AIM OF THE EXERCISE:
Only the stretch of the listing below that runs from the line with "Trapeliopsis glaucolepidea 10km" through the line with "Pet Bird Parrot" is to be printed, exactly and with both ends.

DATA SUPPLIED:
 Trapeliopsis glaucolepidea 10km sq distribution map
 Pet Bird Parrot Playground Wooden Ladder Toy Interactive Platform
--
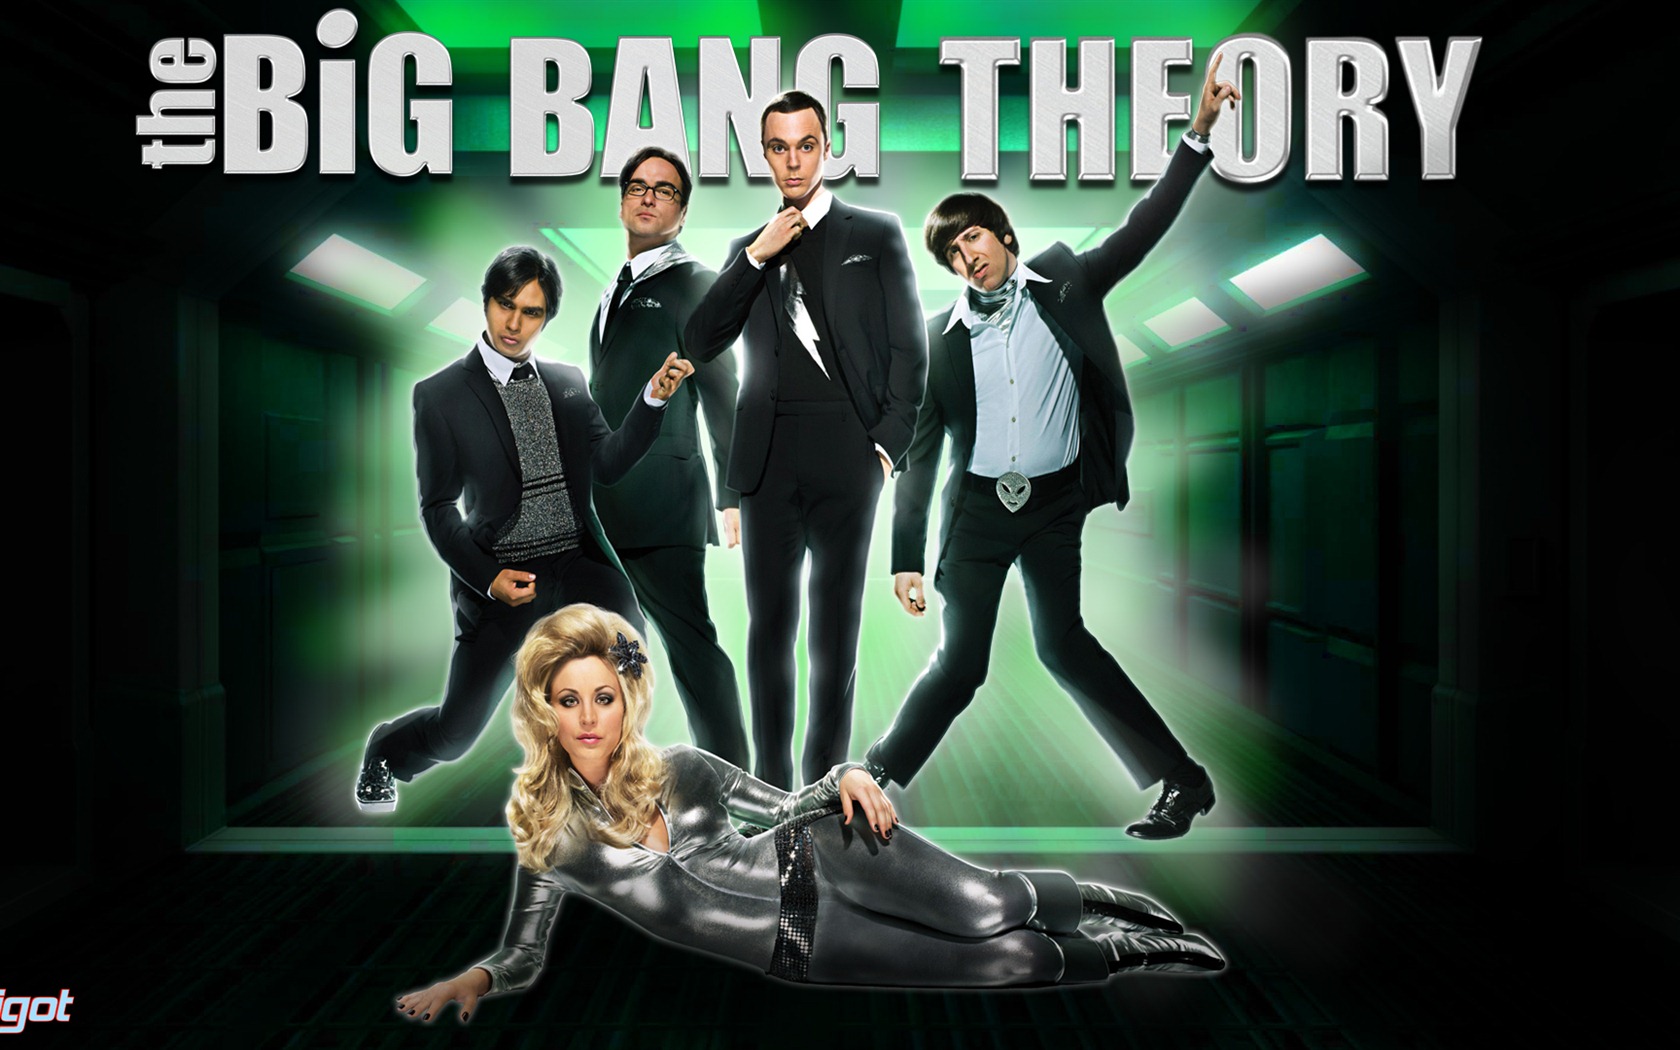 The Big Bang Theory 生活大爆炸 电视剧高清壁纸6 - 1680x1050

SOLUTION TO THE EXERCISE:
 Trapeliopsis glaucolepidea 10km sq distribution map
 Pet Bird Parrot Playground Wooden Ladder Toy Interactive Platform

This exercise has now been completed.